Python Slice How-To, I Know the Python Slice But How to Use Built-In Slice Object for It

Python slice how-to, I know the Python slice but how can I use built-in slice object for it?

You create a slice by calling slice with the same fields you would use if doing [start:end:step] notation:

sl = slice(0,4)

To use the slice, just pass it as if it were the index into a list or string:

>>> s = "ABCDEFGHIJKL"
>>> sl = slice(0,4)
>>> print(s[sl])
'ABCD'

Let's say you have a file of fixed-length text fields. You could define a list of slices to easily extract the values from each "record" in this file.

data = """\
0010GEORGE JETSON 12345 SPACESHIP ST HOUSTON TX
0020WILE E COYOTE 312 ACME BLVD TUCSON AZ
0030FRED FLINTSTONE 246 GRANITE LANE BEDROCK CA
0040JONNY QUEST 31416 SCIENCE AVE PALO ALTO CA""".splitlines()

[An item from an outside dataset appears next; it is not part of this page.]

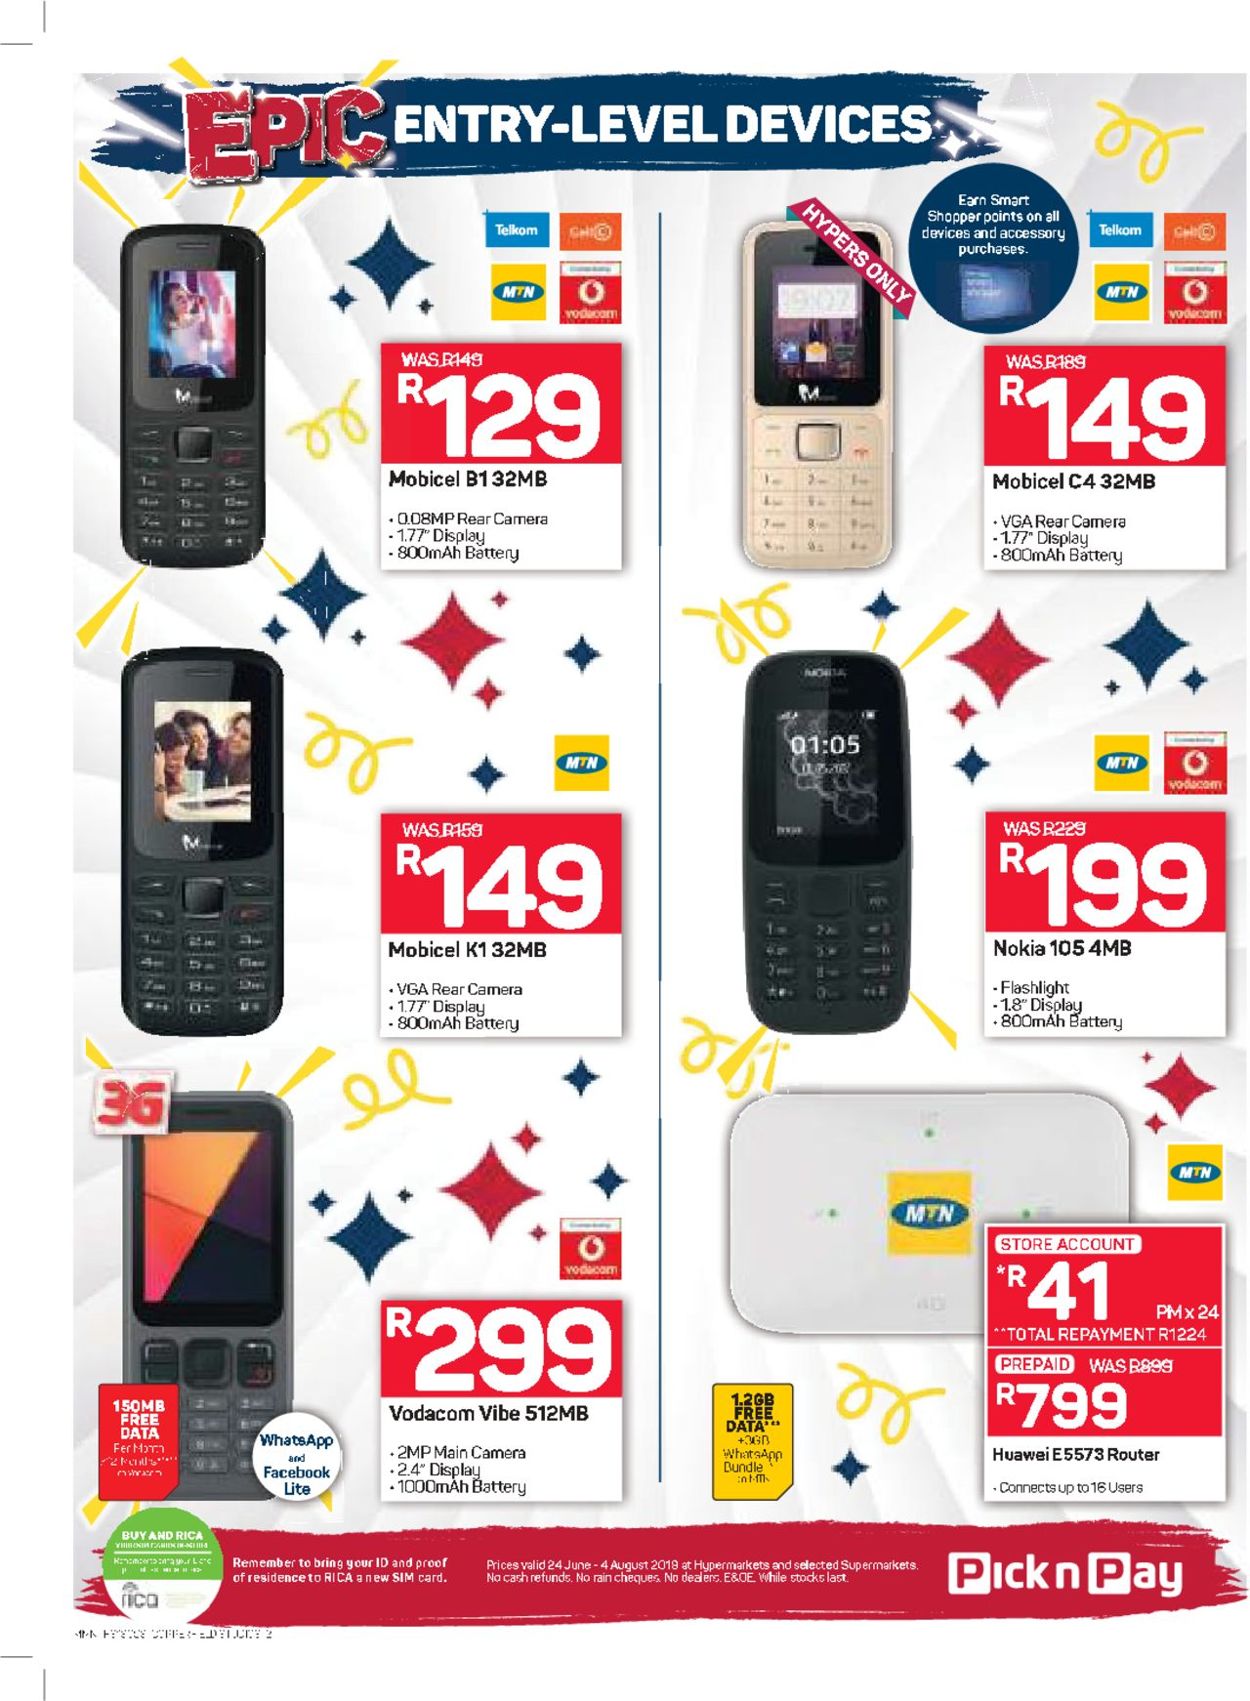 Pick n Pay Catalogue - 2019/06/24-2019/08/04 (Page 2)

fieldslices = [slice(*fielddef) for fielddef in [
(0,4), (4, 21), (21,42), (42,56), (56,58),
]]
fields = "id name address city state".split()

for rec in data:
for field,sl in zip(fields, fieldslices):
print("{} : {}".format(field, rec[sl]))
print('')

# or this same code using itemgetter, to make a function that
# extracts all slices from a string into a tuple of values
import operator
rec_reader = operator.itemgetter(*fieldslices)
for rec in data:
for field, field_value in zip(fields, rec_reader(rec)):
print("{} : {}".format(field, field_value))
print('')

Prints:

id : 0010
name : GEORGE JETSON
address : 12345 SPACESHIP ST
city : HOUSTON
state : TX

id : 0020
name : WILE E COYOTE
address : 312 ACME BLVD
city : TUCSON
state : AZ

id : 0030
name : FRED FLINTSTONE
address : 246 GRANITE LANE
city : BEDROCK
state : CA

id : 0040
name : JONNY QUEST
address : 31416 SCIENCE AVE
city : PALO ALTO
state : CA

Understanding slicing

The syntax is:

a[start:stop]  # items start through stop-1
a[start:] # items start through the rest of the array
a[:stop] # items from the beginning through stop-1
a[:] # a copy of the whole array

There is also the step value, which can be used with any of the above:

a[start:stop:step] # start through not past stop, by step

The key point to remember is that the :stop value represents the first value that is not in the selected slice. So, the difference between stop and start is the number of elements selected (if step is 1, the default).

The other feature is that start or stop may be a negative number, which means it counts from the end of the array instead of the beginning. So:

a[-1]    # last item in the array
a[-2:] # last two items in the array
a[:-2] # everything except the last two items

Similarly, step may be a negative number:

a[::-1]    # all items in the array, reversed
a[1::-1] # the first two items, reversed
a[:-3:-1] # the last two items, reversed
a[-3::-1] # everything except the last two items, reversed

Python is kind to the programmer if there are fewer items than you ask for. For example, if you ask for a[:-2] and a only contains one element, you get an empty list instead of an error. Sometimes you would prefer the error, so you have to be aware that this may happen.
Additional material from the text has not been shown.